Hive 1 is a random cast I picked up near Bicester this year – it is very calm and a profuse user of propolis, which may be other indicators of A.m.m., but it seems to be poor at building up stores, instead it eats all its food and keeps breeding. Looking at the profile, I think it is A.m.m. crossed with something more spendthrift like Italian, and although I fed it and hope it will, I don’t fully expect it to make it through winter as it is still light. These bees aren’t particularly dark, which illustrates how (except in very pure lines) bee colour doesn’t really tell you anything.
So what next?
Measuring wing morphometry by hand is clearly high-intervention for those ~30 bees per colony, and also time consuming and somewhat tedious, so I am considering doing this just once a year to see how the make-up of my apiary is evolving (I could then choose to encourage those colonies with A.m.m. genes being expressed). The mix is bound to change as the queens supersede and free-mate, and as I bring in replacement swarms for any deadouts.
Obviously with all this random mixing, and collecting feral swarms, I’ll need to watch for aggression and maybe need to force supersedure if I get a nasty colony. This would retain some of the colony’s genetics, whereas simply replacing the queen with one from another colony in the apiary would reduce the local diversity of ‘survivor’ genes. Another option might be to requeen with one from another local non-treatment beekeeper. However, my colonies have free-mated for the last 6 years and I have not had any aggression problems (neither have the bees!).
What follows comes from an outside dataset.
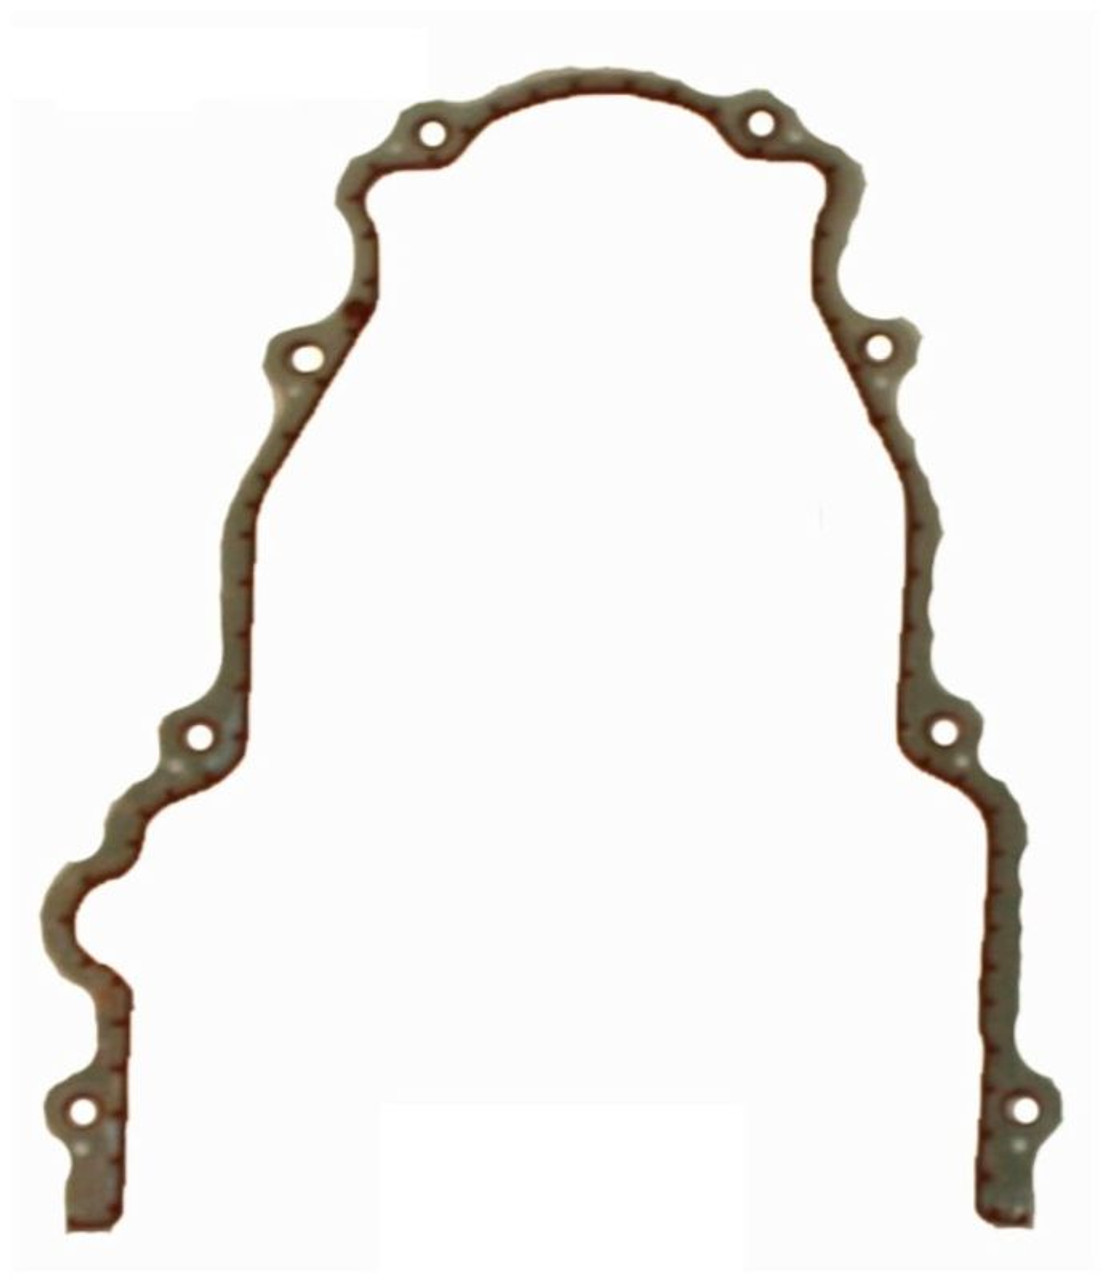 2011 Chevrolet Caprice 6.0L Engine Timing Cover Gasket TCG293-A -704

I’m sure the results could be improved upon /added to with additional sampling and other techniques (see section below on what I could do differently next time) but as a first pass I feel it was quite interesting and clearly shows distinct differences between colonies. I already knew each colony had a distinct “personality” regarding e.g. breeding rates, hygiene, vigour, comb building preferences, honey storage and propolis use; though their temperament is uniformly mild, even the one which is more actively guarded. These differences will be partly due to differences in hive types, colony size (some are small casts caught this year) and other environmental factors.
What could I do differently next time?
This was a first attempt at studying wing morphology and I’ve learnt some other things since, but given my low-intervention aims have yet to decide whether to do a straight repeat or alter my methodology next time (suggestions welcome!):
- Wings should have their base intact to allow the measurement of Discoidal Angle, another indicator;
- and the measurements can be refined by plotting them in different classes on a log scale.
- In addition to wing morphology, abdominal markings, shape and pilosity can be recorded too. Although these are weaker indicators of racial origin.
- The sample bees should be young workers in theory taken from on the brood comb, to avoid the risk of taking foragers who’ve drifted in from other hives;
- A sample size of 50 rather than 30 is statistically better.
- I understand that the process can be somewhat automated by scanning wings and feeding the results into DrawWing and Morphplot software.
- If I can utilise semi-automation (above point) then I could sample the drones also. Drones have different Cubital Indexes to workers so need to be looked at separately. As drones are meant to only have genes from their queen mother, you would expect their wings to be identical within one colony and that their racial mix would reflect exactly that of the queen. But it would be interesting to see if this holds, or if our hybrid colonies’ drones vary within a hive.
- the FERA lab in York offers DNA testing of strains and may be able to offer more accurate results to compare with, but this sounds expensive.
Breeding Techniques and Selection for Breeding of the Honeybee by Friedrich Ruttner contains a wealth of detail on techniques to distinguish A.m.m, Carniolan and Italian bees. Available from Northern Bee Books.